Александр Бутузов Яъ
      Короткая зимняя экскурсия в Пятигорск подходила к концу. Были осмотрены достопримечательности города с горы Машук, в Провале  покидали потихоньку, на память, камешки в озеро, потерли и так блестящий нос Остапу, ознакомились с домиком Лермонтова, где он снимал комнаты со своим другом капитаном Алексеем Столыпиным. Уже вечерело, серый февральский день клонился к концу, и на небе заметно выделялась круглая Луна. Гид нас торопил, надо было перед отъездом в Кисловодск, откуда мы приехали, еще посетить предполагаемое место дуэли Лермонтова и Мартынова. Все побежали к автобусу, а я приметил небольшой домик, как сейчас говорят, домик неизвестного архитектора, в который я и поспешил. В домике было чисто и все что, надо, там было в том виде, что говорило  в пользу работников музея, которые заботились не только о музее, но и о его посетителях. Я уже мыл руки под струей воды, когда услышал, что кто-то шумно вошел в туалет и я услышал, как громко заурчало за моей спиной. Из любопытства я обернулся, но привычного унитаза не увидел. Была обыкновенная выгребная яма, а человек в черкеске, стоя на двух проложенных вдоль ямы досках,  делал свое дело.  Закончив, он резко обернулся и уставился на меня горящими глазами.
    - Новобранец? Почему так странно одет? Мои головорезы  формы особо не придерживаются, не до этого, но это уж слишком! За мной! Срочно выезжаем, отряд чеченцев обнаружен в засаде возле города, пока они не напали на нас, мы должны напасть на них и уничтожить!

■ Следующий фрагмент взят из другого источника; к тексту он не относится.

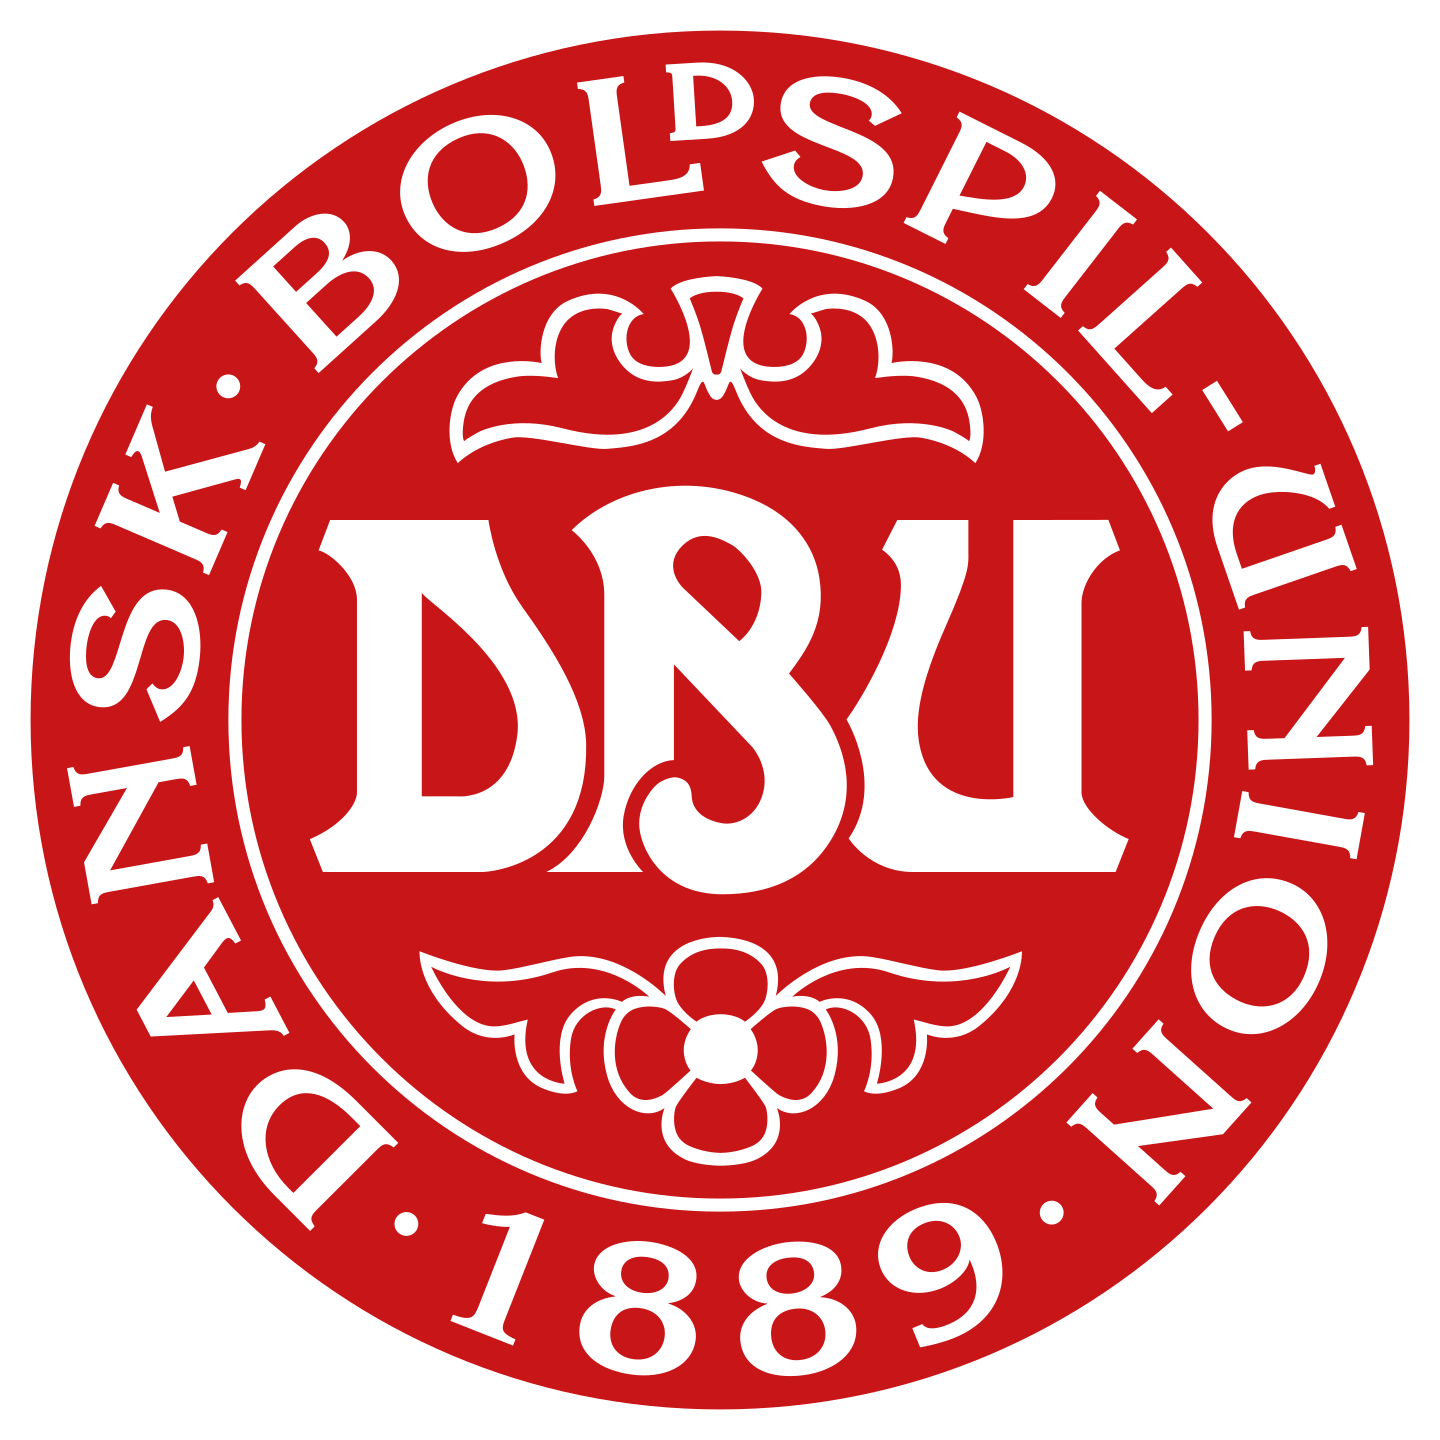 denmark national football team logo 2 - Équipe du Danemark de Football Logo

    Тоненькая стрелка усиков говорившего хищно топорщилась вверх, а баки и маленькая бородка топорщились так, будто вот вот оторвутся от лица своего хозяина. Ворот белого сюртука был расстегнут, и красная канаусовая рубаха при этом выделялась особенно ярко, темные глаза сверкали диким огнем, а белая холщовая шапка была лихо заломлена на голове, из под которой длинные волосы волной ложились на плечи. Он был весь в движении, но сразу увидел, что воды в умывальнике уже нет. Просто тряпкой вытерев руки, бросил:
     - Воду днем казачки привезут в бочках от реки, некогда, спешим!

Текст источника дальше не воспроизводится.